**DATA SECTION**:
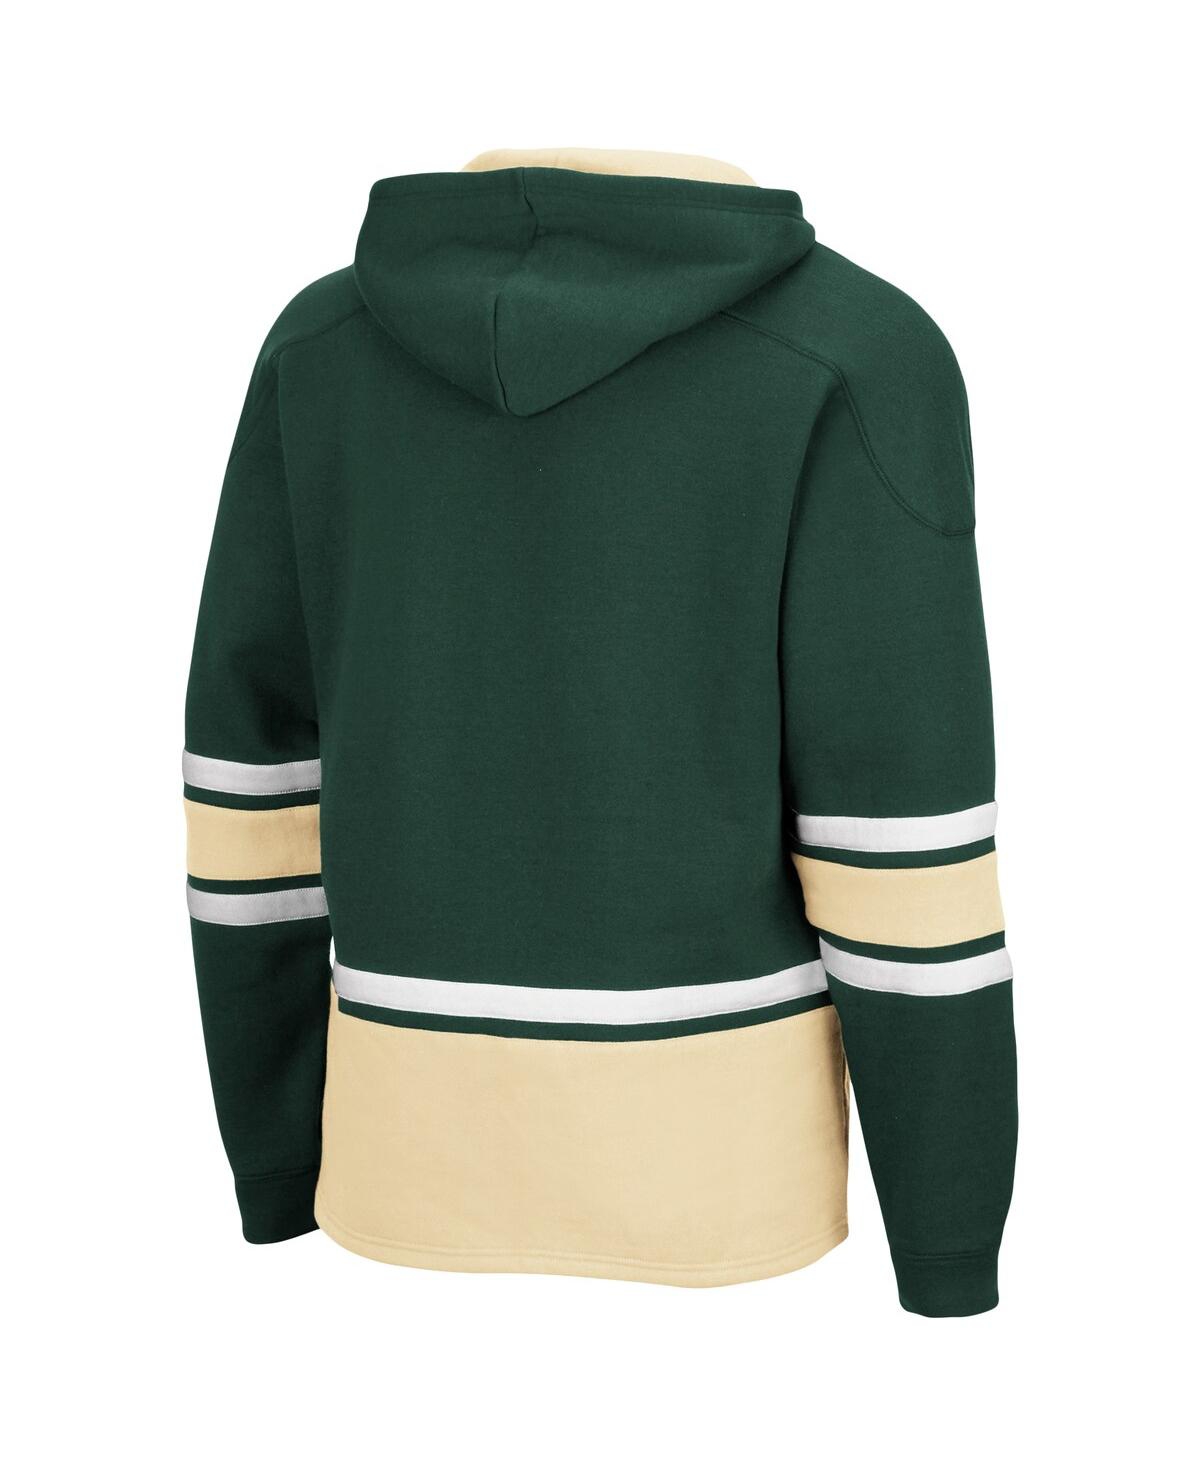 Shop Colosseum Men's  Green Colorado State Rams Lace Up 3.0 Pullover Hoodie
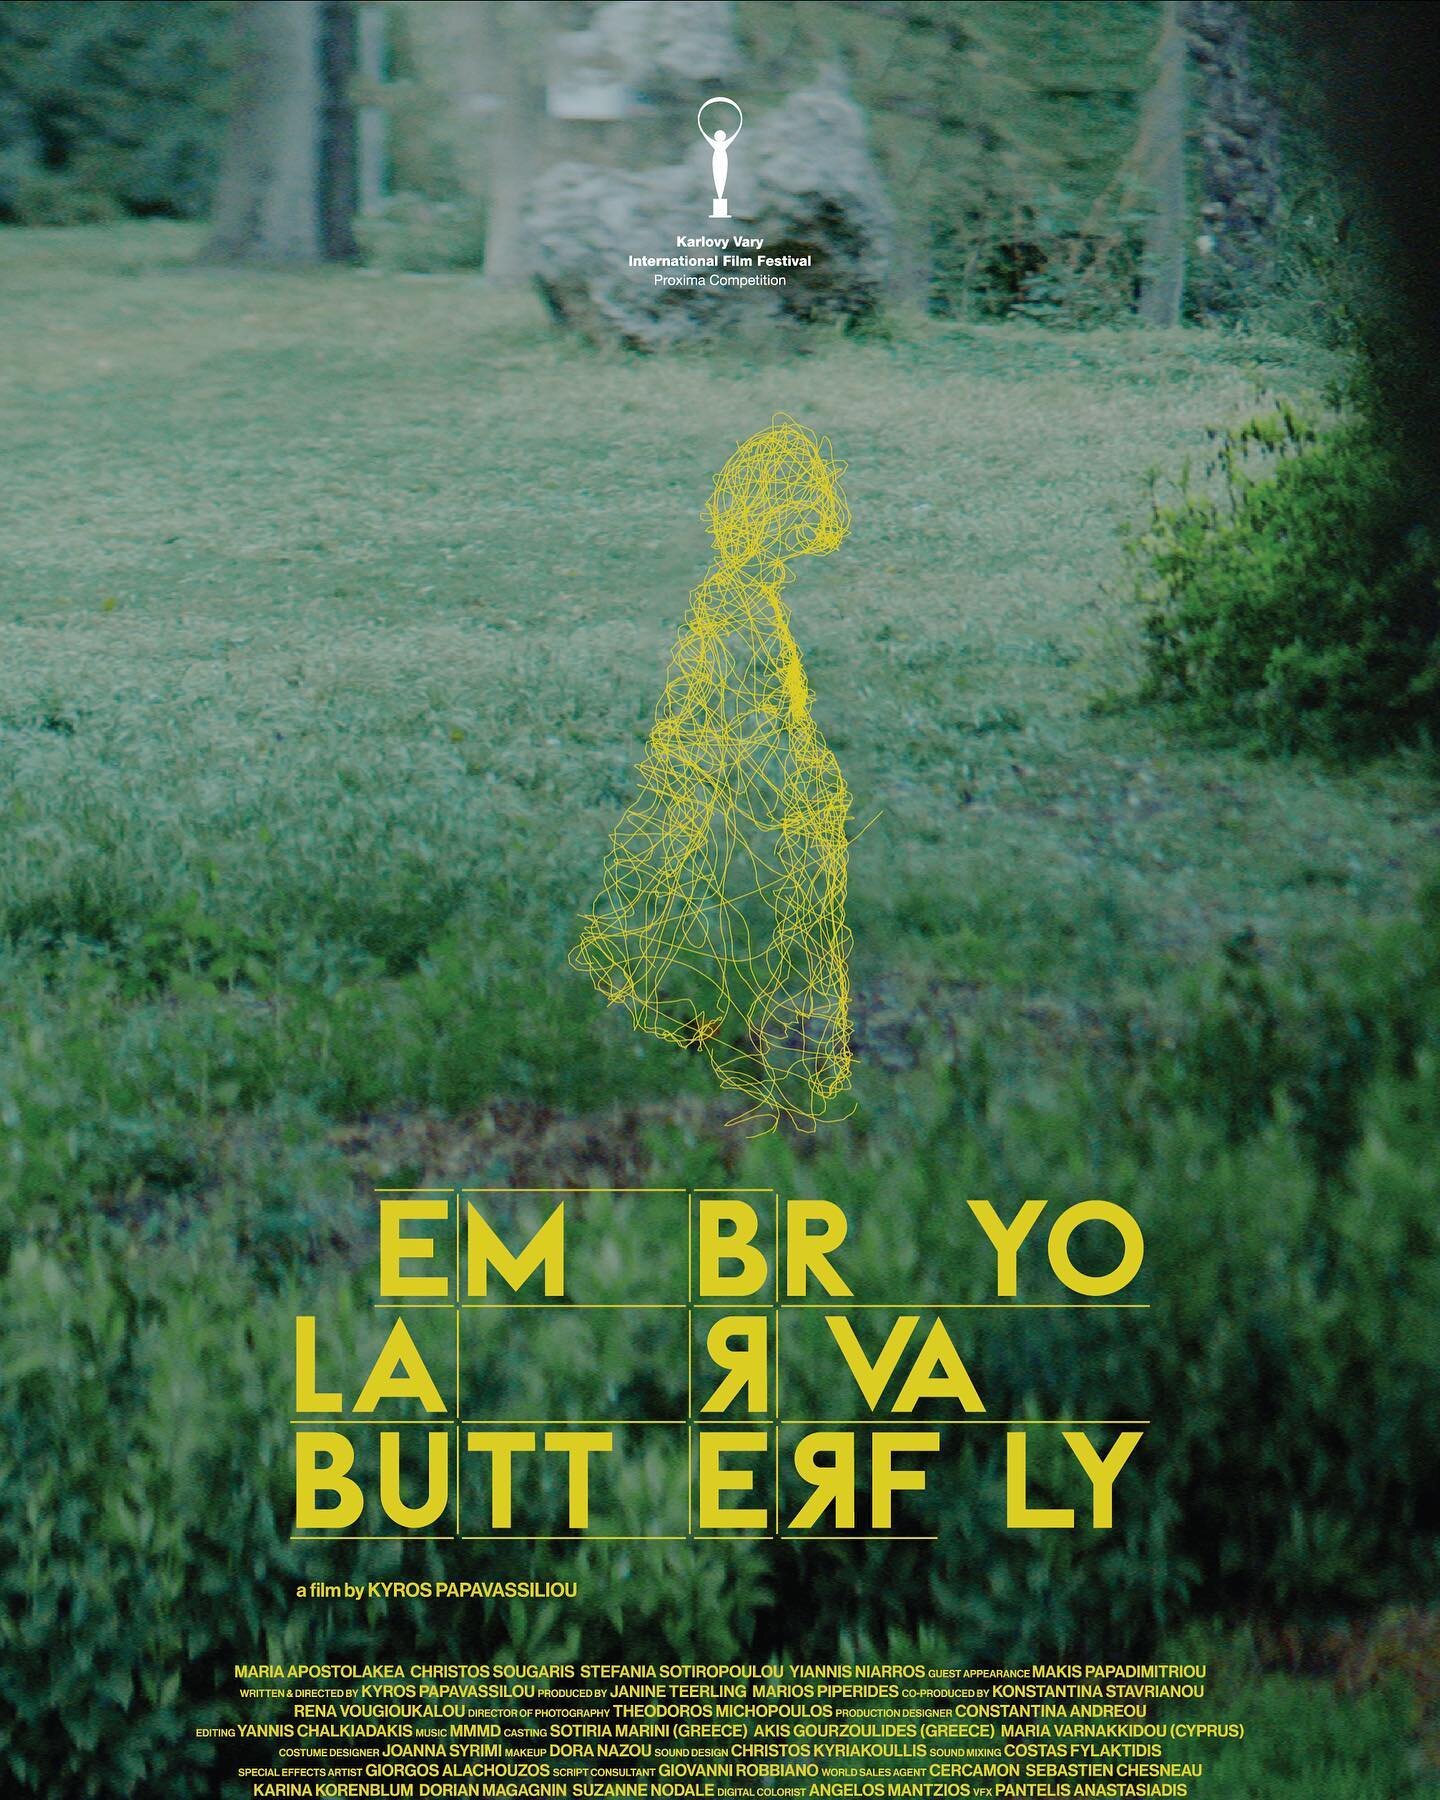 The poster of Embryo Larva Butterfly is out! @kyrospapavassiliou @kviff @ampfilmworks @greekfilmcentre @ertofficial_
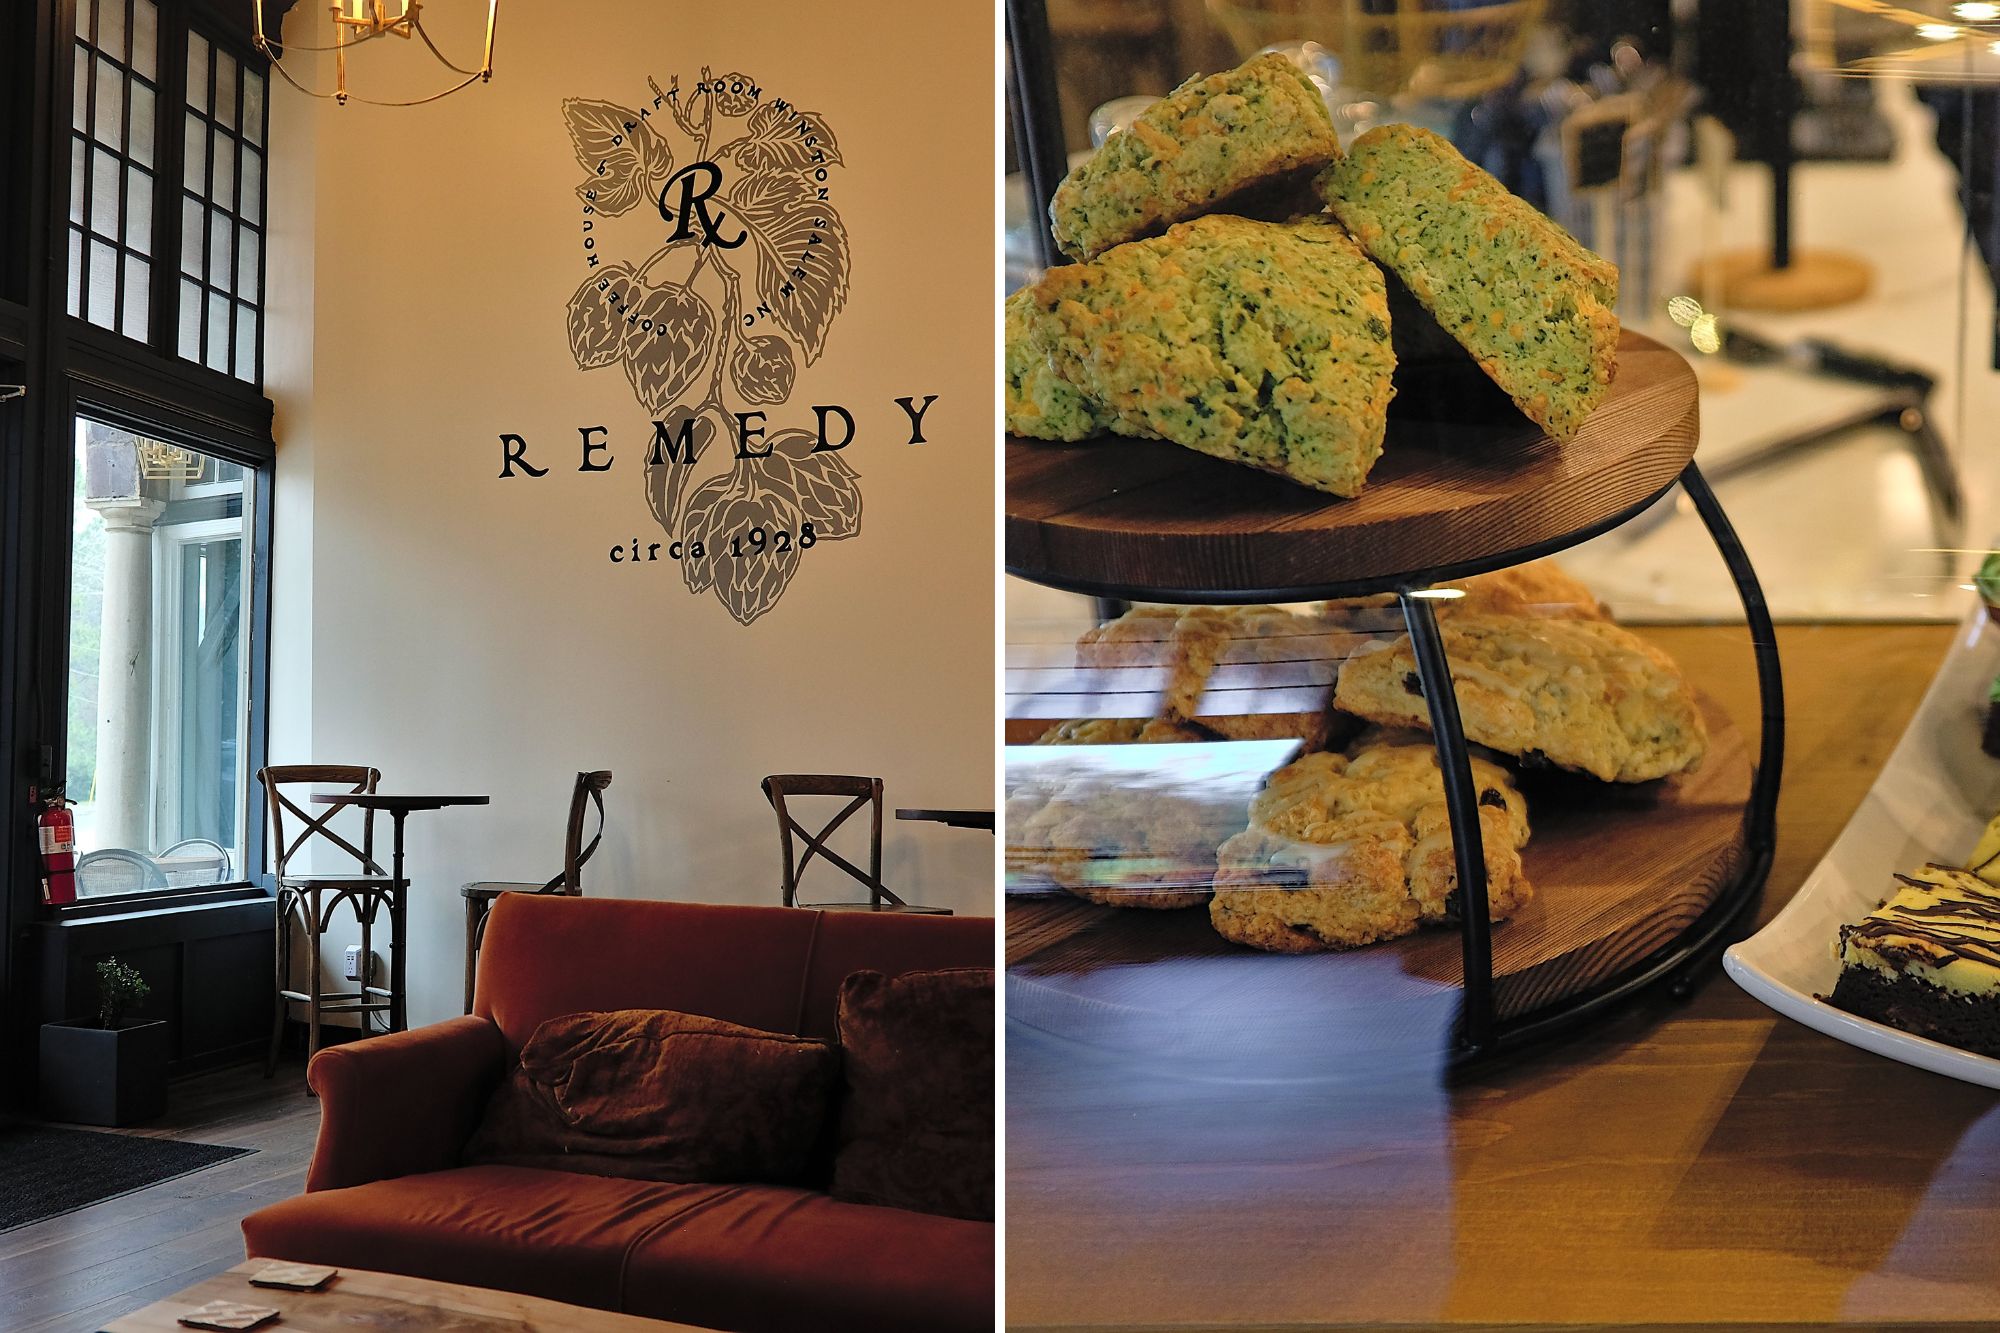 The Remedy Cafe and Bar interior and pastries

**WORK REQUIRED**: Retype the full listing above precisely. Exclude each picture you find in it.

**ANSWER SECTION**:
 Shop Colosseum Men's  Green Colorado State Rams Lace Up 3.0 Pullover Hoodie
 The poster of Embryo Larva Butterfly is out! @kyrospapavassiliou @kviff @ampfilmworks @greekfilmcentre @ertofficial_
 The Remedy Cafe and Bar interior and pastries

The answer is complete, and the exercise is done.